It's a visualization library, but D3 (probably better called D3.js or D3js so as not to be confused with Diablo 3, etc) deserves a mention. I'm particularly fond of this very well done D3js tutorial site. D3 is a bit of an odd duck because it really doesn't really do much on it's own; however it's creator, Mike Bostock, seems to be very productive with it and he creates some amazing visualizations with it. I'm still excited about it, since I started with Prefuse and then Flare and now D3 is the latest incarnation in that line of visualization tools.

On the size/performance/page size area, I recently ran across zepto and pure css. Zepto is a jQuery replacement that basically sacrifices browser compatibility for size. It weighs 5-10k vs jQuery's 50k. Pure is a pretty CSS framework that weighs in at a svelt 4.3KB - and I think it has 90% of the functionality I want from projects like Bootstrap.

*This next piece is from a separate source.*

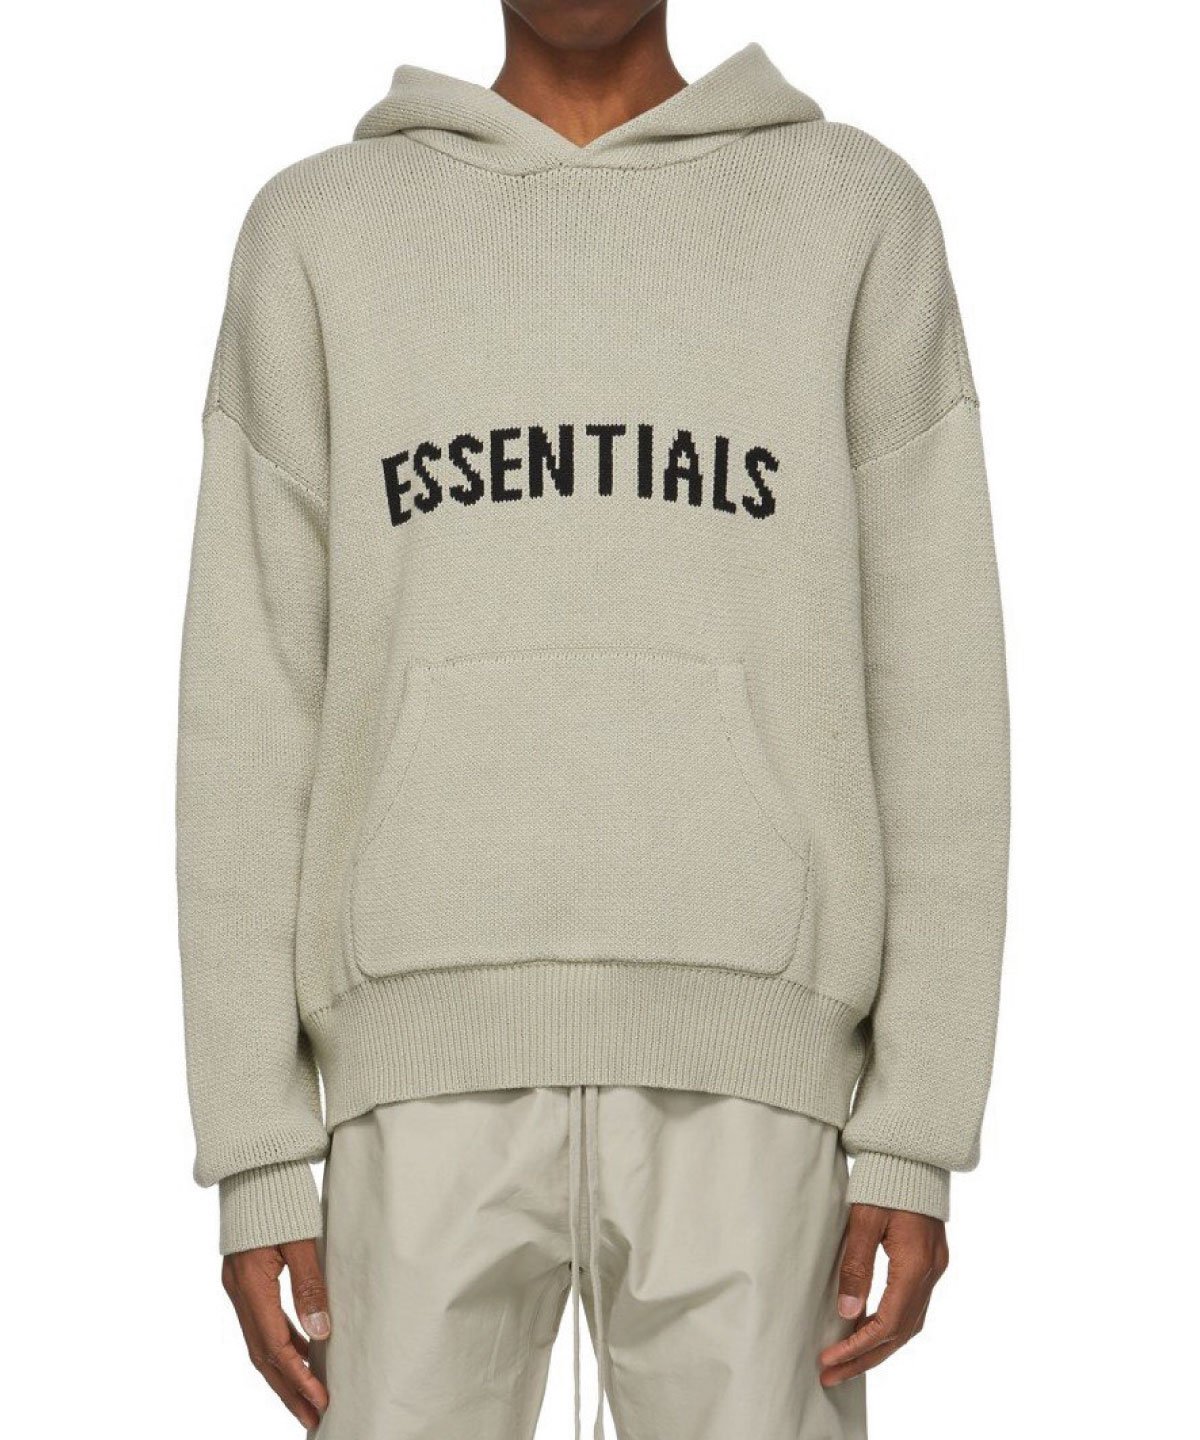 FOG ESSENTIALS ニットパーカー Fear Of God Essentials Hoodie front logo knit TAUPE

Having state-of-the-art JS and CSS support in a page under 10k makes me happy.

And now for something completely different: RethinkDB. This project strikes me as the Meteor of NoSQL DBs. Rethink is what Mongo should have been. The docs are extremely well-written, the team seems solid and directed, and I wouldn't be surprised if Rethink displaces Mongo as king of the NoSQL. 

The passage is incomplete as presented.